Bridging and Routing Concepts |
How Bridges Learn
When a bridge is first powered on, it does not know the number or the locations of stations that are connected to the LAN. To minimize the amount of data passed over the bridge it must learn the whereabouts (address) of stations to ensure that it passes only the data that is intended to be passed over the bridge.
Like the envelope of a letter, the header of each frame of data transmitted on the network has a From (source) address and To (destination) address. This ensures that data reaches its destination on the LAN and that the receiving station can reply. The bridge reads every frame of data received at the LAN port and extracts the source address of the frame. From this information it builds an address table of stations it knows to be on the LAN.
To decide if data should be passed over the bridge, the bridge examines the destination address of the frame. If the address is already in its address table, the bridge knows the destination is on the LAN and therefore rejects or filters the frame.
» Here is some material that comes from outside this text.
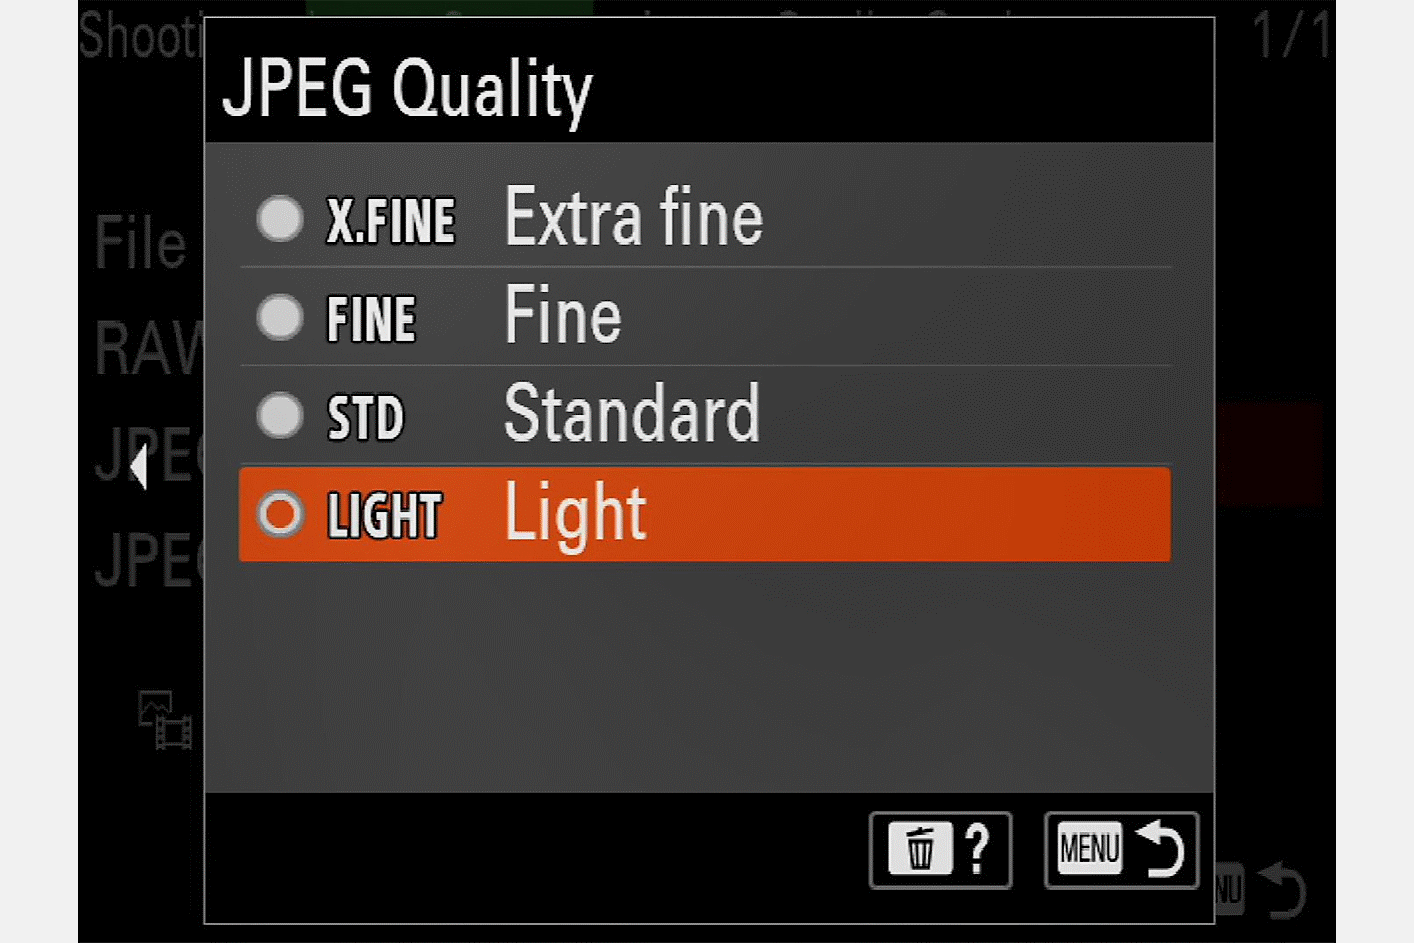 "JPEG Quality" camera menu with cursor on "Light"

If the destination address is not in the address table, the bridge transmits the data across the bridge. It does this even if the destination device is on the local LAN because it does not recognize the destination station as local. However, if the destination device is on the local LAN, once it replies to the original source station, its own source address is part of the data frame and it is learned by the bridge and added to the address table.
By operating in this way, the amount of data forwarded by the bridge is kept to a minimum. Traffic that is for devices on the attached LAN is rarely forwarded over the bridge.
A bridge can be configured to forget or age a station’s address after a period of inactivity, a facility which is used to ensure that stations which are no longer attached to the LAN, do not remain in the bridge’s address table, using up space that may be required for other stations’ addresses.